Scientific workflow management systems (SWMSs) offer numerous advantages for computational experiments exploiting scientific data. Through a friendly user interface, the various tasks comprising an experiment can be associated with concrete computational actors (e.g. Web Services, scripts, etc.) and organized in a pipeline, which can be easily modified and shared. Furthermore, the execution environment of the SWMS often offers capabilities such as fault tolerance, distributed execution, and scalability. An additional capability of modern SWMSs is to automatically record the context and events associated with the execution of a workflow, resulting in a trace that represents the retrospective provenance of the associated data products.

Much effort has been devoted to modeling scientific workflow provenance and enabling its capture in SWMSs. In addition, graph querying techniques and their related declarative query languages have been successfully applied to provenance data, enabling its close examination for purposes such as debugging or attribution. We consider an scenario in which scientists are interested in discovering high quality experiments, programs, and data from third parties related to their research. In this scenario, as users of a scientific workflow provenance repository, they are first likely to want to interact with the system via simple keyword searches that bring ranked results, and then possibly through a sophisticated declarative query language that yields exact results.

Therefore we introduce PBase, a scientific workflow provenance repository that enables, besides declarative queries, searching and ranking under various criteria and at different granularities. Concretely, users can search annotated workflows and traces based on criteria that apply globally to entire workflows and traces, or individually to their component actors and data products. Result items can be obtained not only if they contain the associated keywords but also if they are related to items that contain them. The criteria or facets under consideration include quality of service and authority metrics computed from the provided traces, to which additional information sources can be incorporated as well. These features are supported by a custom GUI that facilitates the visualization of workflows, their associated traces, and the search and query results.

2 Provenance-Based Searching for Scientific Workflows

PBase adopts the ProvONE1 model which represents workflows (prospective provenance) and execution traces (retrospective provenance) in a generic manner aiming to cover the majority of SWMSs. ProvONE is serialized in an OWL 2 ontology and data instances are represented in RDF. Searching and ranking in the PBase repository is performed by keyword searches complemented by authority and quality of service criteria, which we briefly describe next.

2.1 Authority

We adopt the ObjectRank [HHP08] metric, which is applied in three variants that in turn can be combined to yield an overall ranking.
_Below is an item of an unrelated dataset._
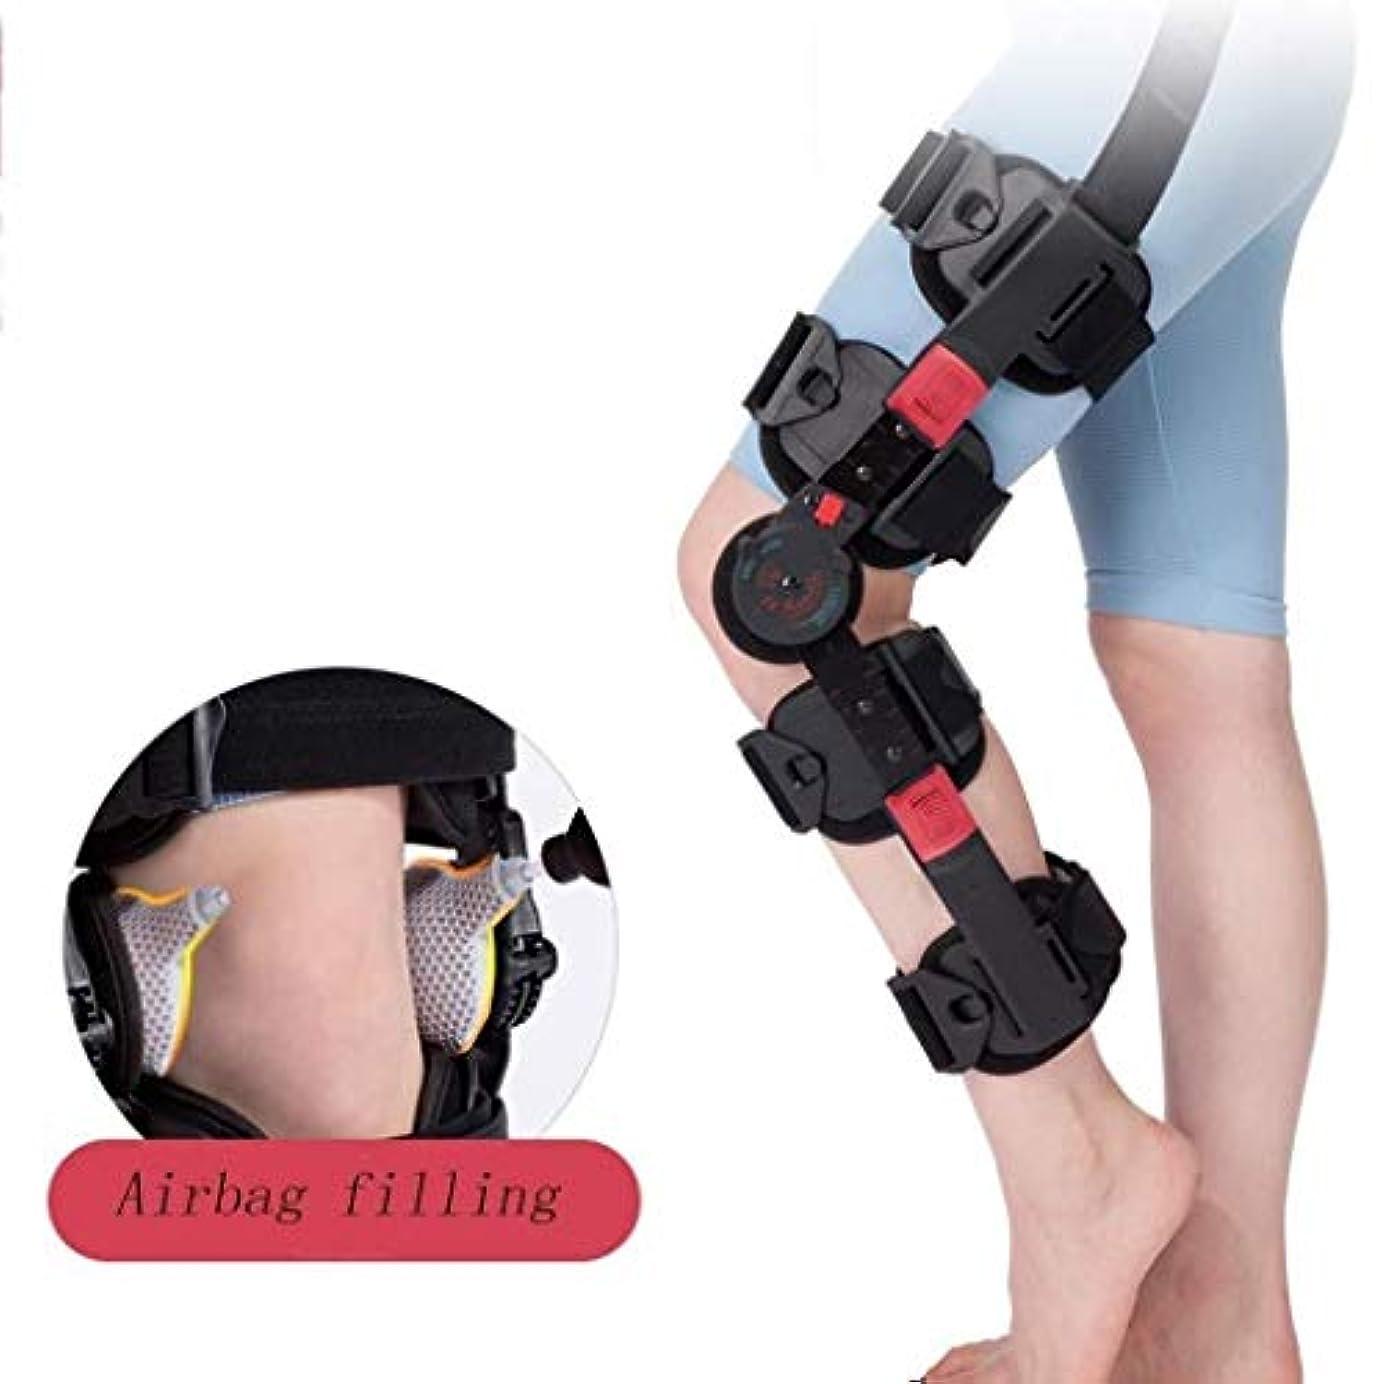 シャーロックホームズ火星投獄ヒンジ式ROM膝ブレース、調節可能なポストOP膝蓋骨ブレースサポートスタビライザーパッド装具スプリントラップ医療用整形外科用ガードプロテクター

Global ObjectRank represents the overall importance of a node in a way similar to PageRank. This metric captures, for instance, that a data item that is used in important experiments may be regarded as important, whereas an ordinary experiment that uses important data may itself not be important. However, while PageRank is computed uniformly based on the links between web pages, ObjectRank is computed taking into consideration the semantics of the relations between entities. This occurs as specified by the authority transfer schema graph, which through weights established by domain experts, specifies the flow of authority across the data entities in an adjustable manner. An example authority transfer schema graph is depicted in Fig. 1 for our domain of concern.
Fig. 1.

Example authority transfer schema graph

To find entities relevant for a particular keyword query, the keyword-specific ObjectRank metric is also calculated for all keywords subject to a threshold value. In this manner nodes that do not contain the keywords but are relevant for the query can be found and ranked. Finally, an inverse ObjectRank metric captures the specificity of results, placing a stronger constraint on matching the keywords of the query for cases in which the user is interested in a specific type of experiment, for example, rather than those related to a particular area. These keyword-specific metrics are computed for the most important annotated elements of both workflows and traces, i.e., actors and their executions and data items. If multiple traces are associated with a workflow, these can yield different values for a given query, due to possible missing nodes in some traces in the case of failures, for example. Collections of workflows and traces can be ranked based on the resulting values of its constituent nodes.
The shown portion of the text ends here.